> _Given entries_
=== Section Start ===
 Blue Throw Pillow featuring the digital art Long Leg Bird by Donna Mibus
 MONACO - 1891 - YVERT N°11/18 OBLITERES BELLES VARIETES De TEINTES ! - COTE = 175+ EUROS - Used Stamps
=== Section End ===
=== Section Start ===
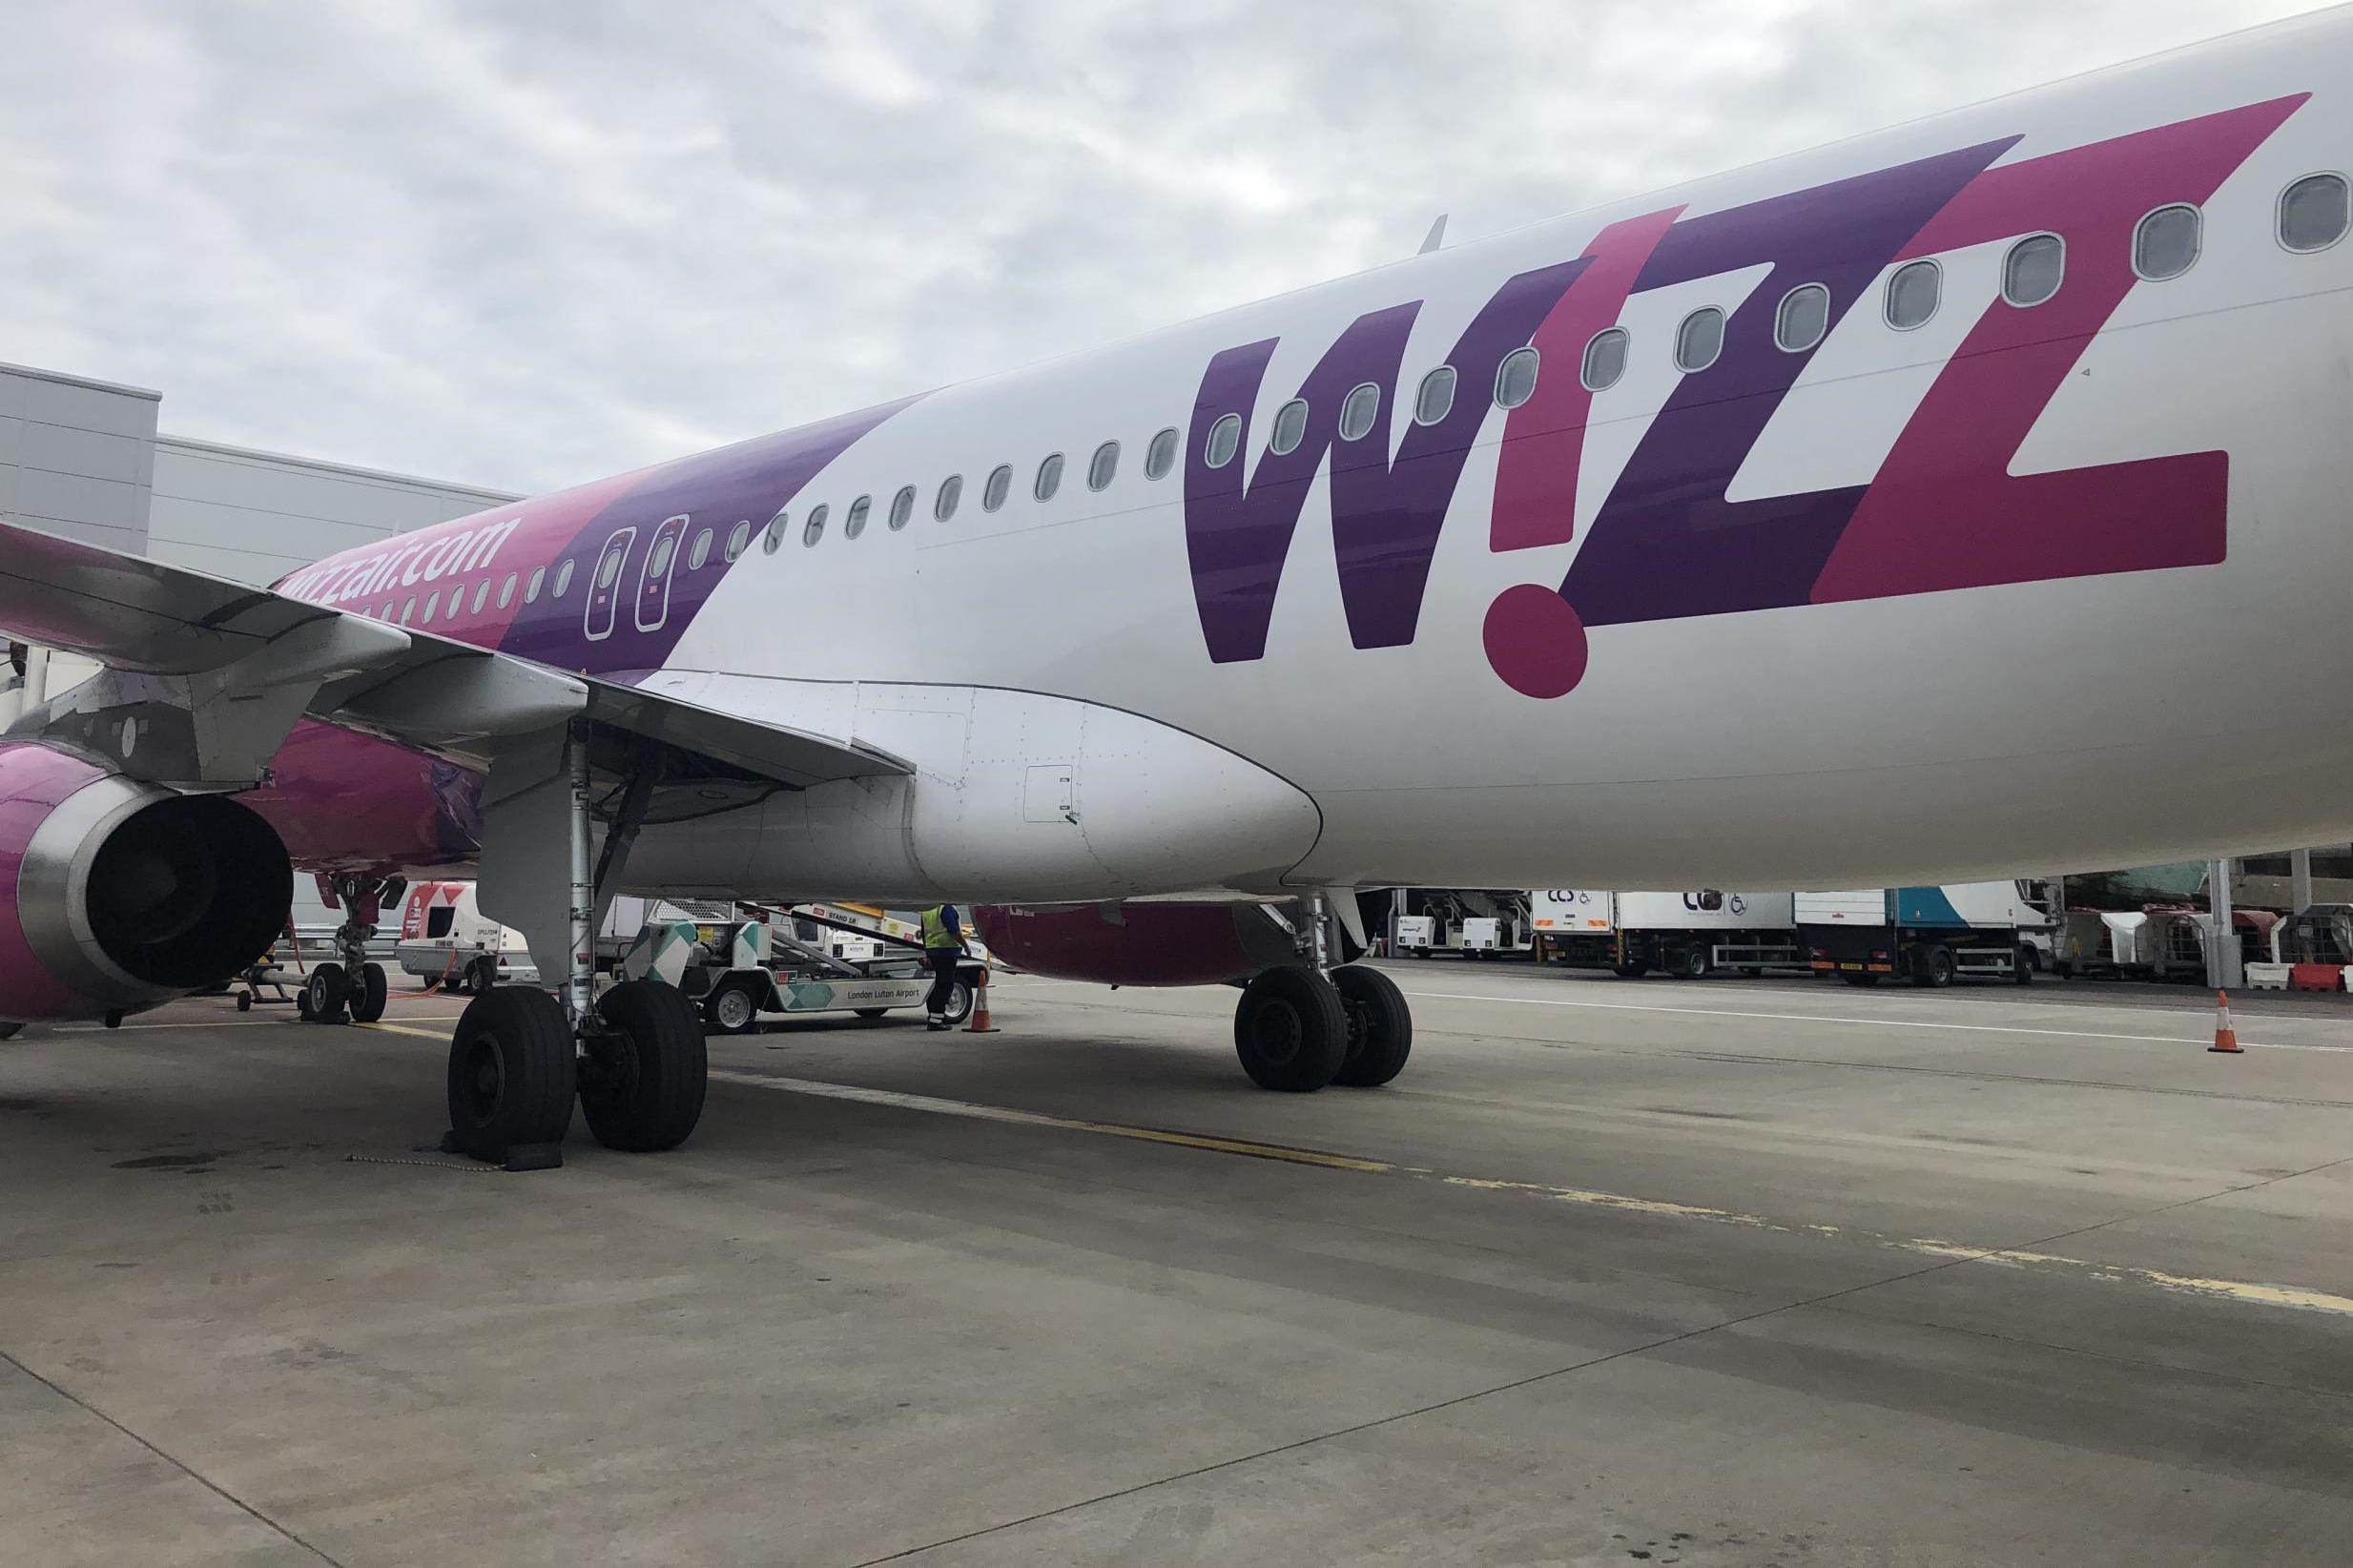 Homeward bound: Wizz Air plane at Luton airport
=== Section End ===
=== Section Start ===
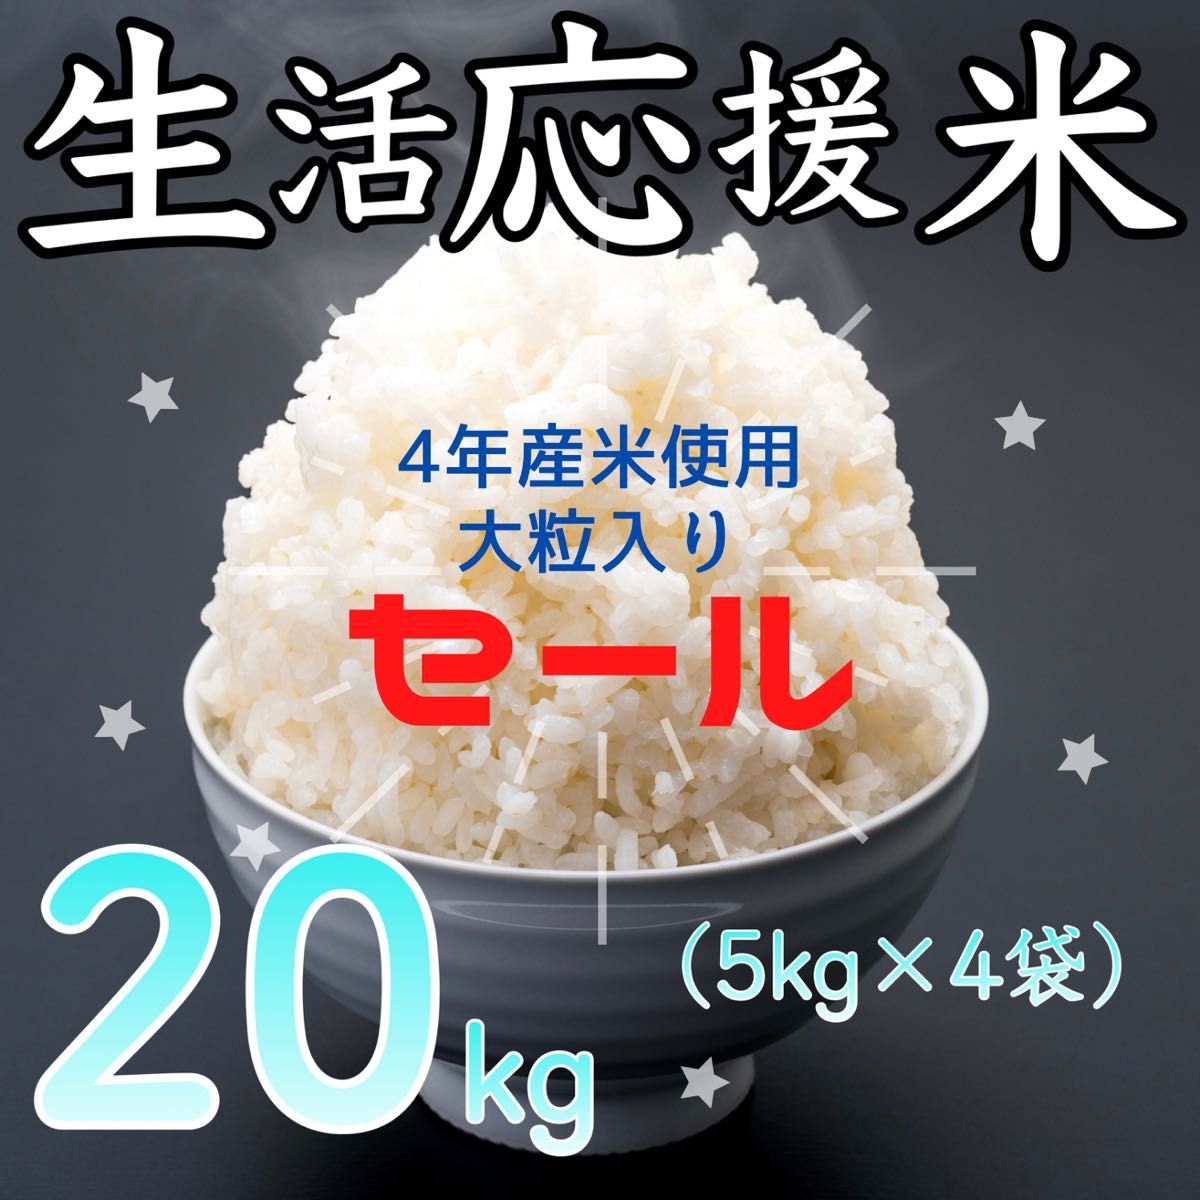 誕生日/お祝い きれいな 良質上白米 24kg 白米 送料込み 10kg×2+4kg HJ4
=== Section End ===
> _Task prompt_
Which lines run from the one holding "Blue Throw Pillow" through the one holding "MONACO - 1891" in the records above? Repeat them exactly, both included, and nothing more.

> _Reply_
 Blue Throw Pillow featuring the digital art Long Leg Bird by Donna Mibus
 MONACO - 1891 - YVERT N°11/18 OBLITERES BELLES VARIETES De TEINTES ! - COTE = 175+ EUROS - Used Stamps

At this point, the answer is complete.